Culture shock is actually a subset of a larger idea called transition shock. It has the same stages and symptoms as culture shock, but it’s felt in varying degrees depending on the transition. Because of this, I think it’s fair to call any transition a “culture” shock. Most transitions involve lifestyle changes and new groups of people with which to integrate.

  • If you’ve ever moved to a new place, you’ve experienced culture shock.
  • If you’ve ever changed schools or gone off to college, you’ve experienced culture shock.
  • If you’ve ever started a new job, you’ve experienced culture shock.
  • If you’ve ever met a group of people you didn’t know before, even that is a type of miniature culture shock.

Though you may not have noticed or don’t remember, you probably experienced a brief period loneliness, nervousness, self-consciousness, or even depression during a transition. These times might have been easier to deal with than moving to a new country because your language and cultural structure didn’t change.
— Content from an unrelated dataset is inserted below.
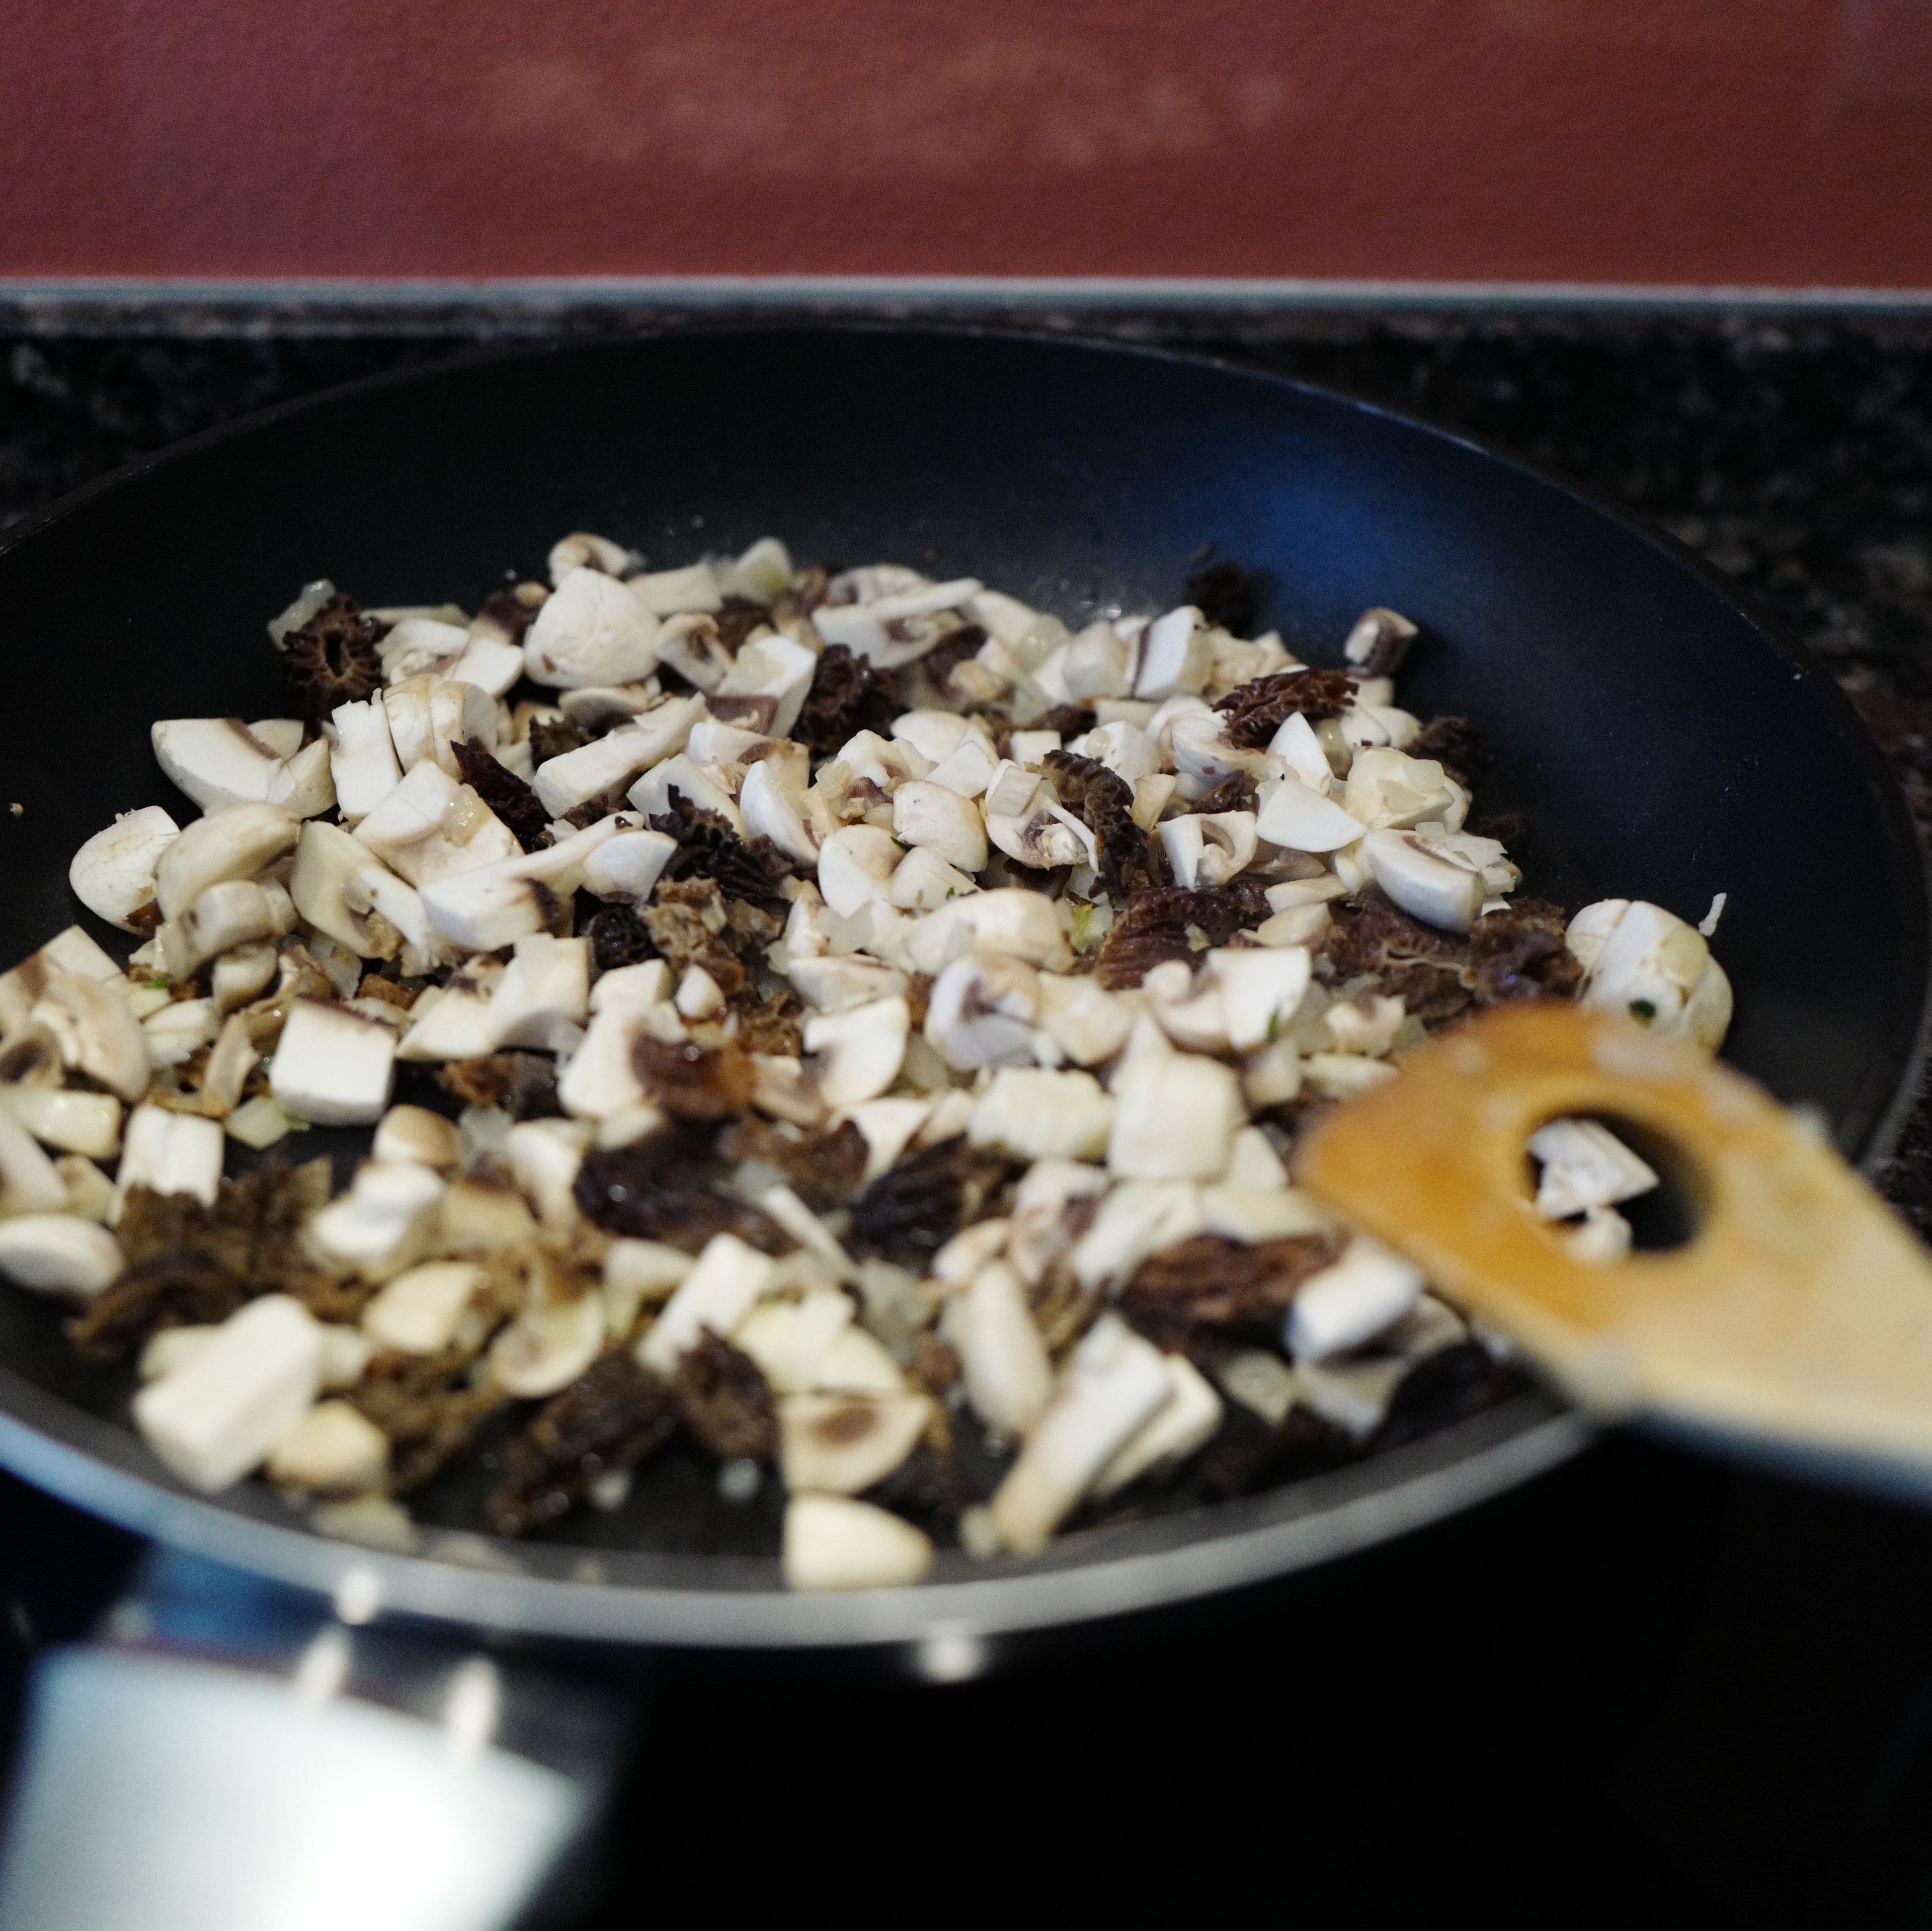 Ein wenig Öl in eine beschichtete Pfanne geben und die Zwiebel darin glasig dünsten. Die gehackten Pilze und den Knoblauch dazu geben und ca. 5-6 min braten.

But even with a new language and culture to learn, the basic idea is still the same. You need to adjust and adjusting takes time. In Japan it will take more time than it did during other transitions, but it will happen. You’ve done it before. You can do it again.

JET Program Culture Shock Defined. Now What?


Photo by Montaplex

As you get ready to leave for JET, prepare for culture shock but don’t fear it. Treat it the way you would (should!) treat failure. Not something to loathe, dread, or hate. But rather something to learn from. Steer into it. This may seem scary, but it ultimately offers a lot more control. Like losing control of your car on ice, steer into the slide rather than away. Instead of losing control of the vehicle, you get it back. It may not be the kind of control you’d prefer, but it’s a better and more resilient control than you would have otherwise.